Task to complete:
Nothing but the lines from the one containing "levis skateboarding chino" to the end of the data should be returned, each exactly as written.

Data extracts:
++++++++

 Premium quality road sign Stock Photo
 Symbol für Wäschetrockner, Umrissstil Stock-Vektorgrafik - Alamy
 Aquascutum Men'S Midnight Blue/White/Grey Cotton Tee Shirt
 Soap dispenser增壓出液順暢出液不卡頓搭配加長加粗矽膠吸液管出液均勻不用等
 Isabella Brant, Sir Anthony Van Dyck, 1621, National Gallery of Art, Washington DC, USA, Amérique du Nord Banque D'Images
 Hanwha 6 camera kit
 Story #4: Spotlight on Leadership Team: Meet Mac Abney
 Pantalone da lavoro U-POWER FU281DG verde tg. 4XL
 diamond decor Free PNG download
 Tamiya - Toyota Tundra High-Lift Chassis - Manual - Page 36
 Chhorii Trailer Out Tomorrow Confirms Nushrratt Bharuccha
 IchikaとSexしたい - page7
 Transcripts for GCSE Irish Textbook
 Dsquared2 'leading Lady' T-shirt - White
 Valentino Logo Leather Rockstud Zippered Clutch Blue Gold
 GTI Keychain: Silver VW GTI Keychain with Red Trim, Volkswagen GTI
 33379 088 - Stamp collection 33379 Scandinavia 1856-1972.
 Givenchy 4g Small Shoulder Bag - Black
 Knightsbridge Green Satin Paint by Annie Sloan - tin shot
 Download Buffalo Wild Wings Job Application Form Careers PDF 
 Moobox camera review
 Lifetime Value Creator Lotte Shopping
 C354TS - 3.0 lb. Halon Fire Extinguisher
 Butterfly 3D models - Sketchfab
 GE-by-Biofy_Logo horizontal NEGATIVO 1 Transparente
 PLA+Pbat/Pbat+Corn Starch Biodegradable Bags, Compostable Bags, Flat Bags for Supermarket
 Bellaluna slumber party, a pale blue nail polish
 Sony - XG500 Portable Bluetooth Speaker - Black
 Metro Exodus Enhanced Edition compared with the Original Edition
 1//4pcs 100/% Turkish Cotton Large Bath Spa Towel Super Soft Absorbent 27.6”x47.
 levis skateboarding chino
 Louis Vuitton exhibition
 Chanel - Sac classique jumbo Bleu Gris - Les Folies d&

++++++++

Response to the task:
 levis skateboarding chino
 Louis Vuitton exhibition
 Chanel - Sac classique jumbo Bleu Gris - Les Folies d&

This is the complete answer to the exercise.